Purpose: : Genetic variations in complement factor H (fH), an inhibitor of the alternative complement pathway (AP), and oxidative stress are associated with all forms of age-related macular degeneration (AMD). Here we hypothesized whether oxidative stress renders the RPE more susceptible to complement activation.

Methods: : Human embryonic RPE or ARPE-19 were grown as monolayers on transwell plates. Effects on RPE tight junctions were determined by transepithelial electrical resistance (TER) measurements and immunohistochemistry. Endogenous complement inhibitors were analyzed by flow-cytometry and immunohistochemistry, and VEGF secretion by ELISA. Analysis of long-term effects on RPE cell physiology included analysis of energy metabolism, ROS uptake and cell death assays.

Results: : (1) At low H₂O₂ levels or when exposed to serum alone, RPE monolayers have a stable TER. TER deteriorated rapidly in H₂O₂-exposed monolayers upon adding serum as a source of complement, which was concomitant with a disruption of junctional proteins. The effect was dependent upon sublytic activation of the membrane attack complex. (2) H₂O₂ reduced levels of CD55 and CD59 cell-surface complement inhibitors and impaired fH activity. (3) Only H₂O₂ + serum led to C3-deposition and apical VEGF secretion. (4) TER could be stabilized and VEGF secretion blunted in H₂O₂ + serum treated cells by inhibiting the AP or VEGF-receptor-2. (5) Long-term H₂O₂ + serum impaired RPE physiology and ATP production, but did not result in apoptosis.

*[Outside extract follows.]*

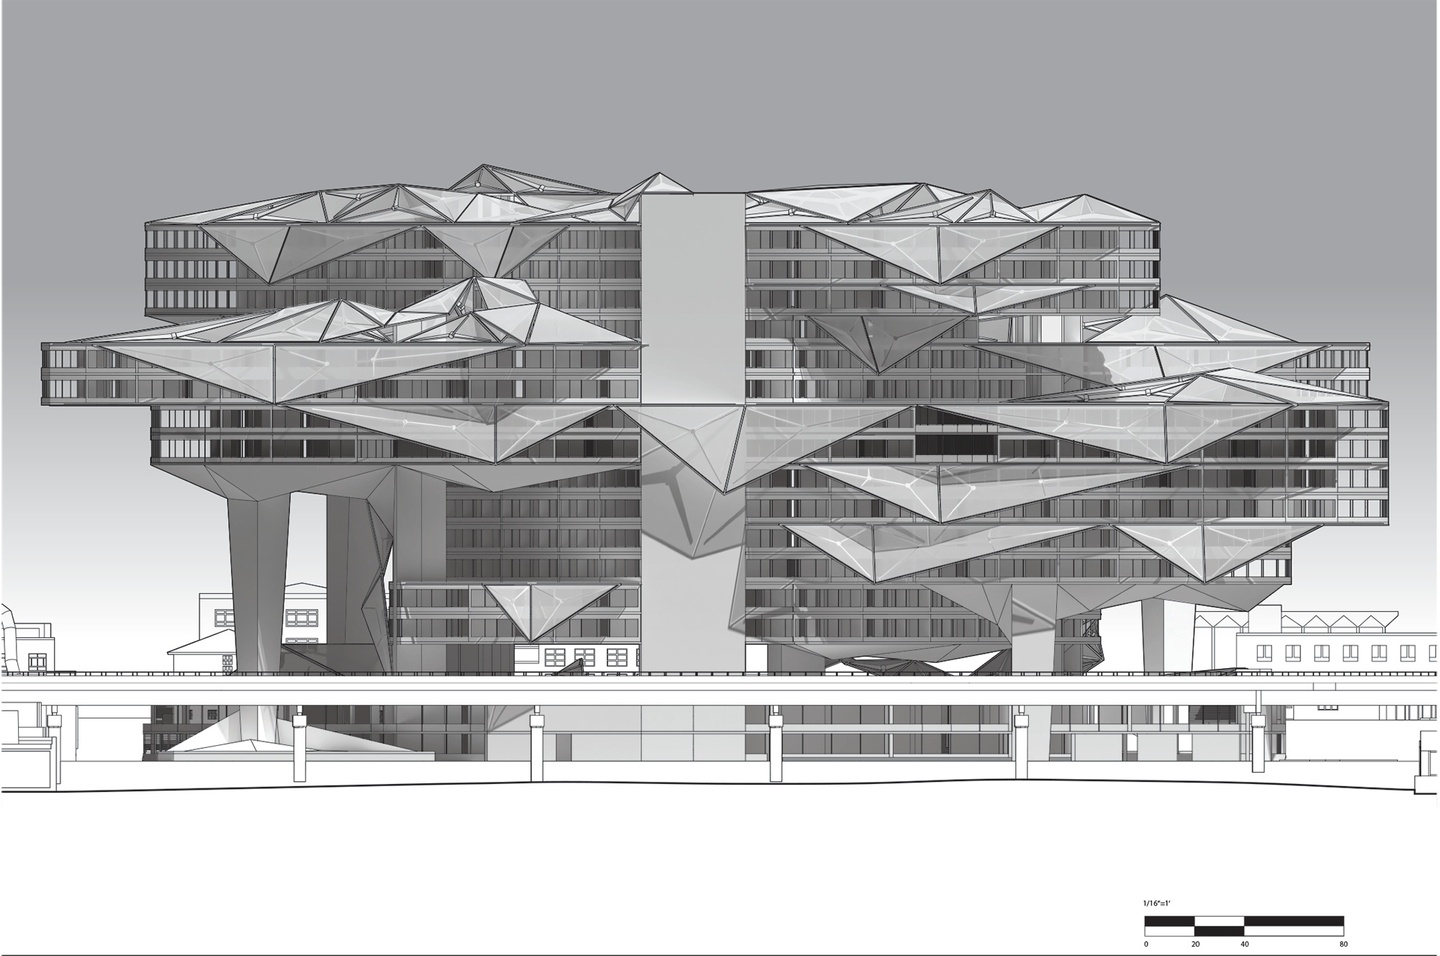 Computer rendering of black and white elevation of a large building with cantilevered faceting forms on various levels.

Conclusions: : While RPE cells are resistant to low level oxidative stress, oxidative stress sensitizes RPE cells to effects of a misregulated complement system, resulting in VEGF secretion and disruption of RPE barrier integrity. Long-term oxidative stress and complement exposure impairs RPE physiology and energy metabolism. In summary, we have developed a model whereby oxidative stress in RPE can be linked to the molecular events involved in AMD, including activation of the AP and local production of VEGF.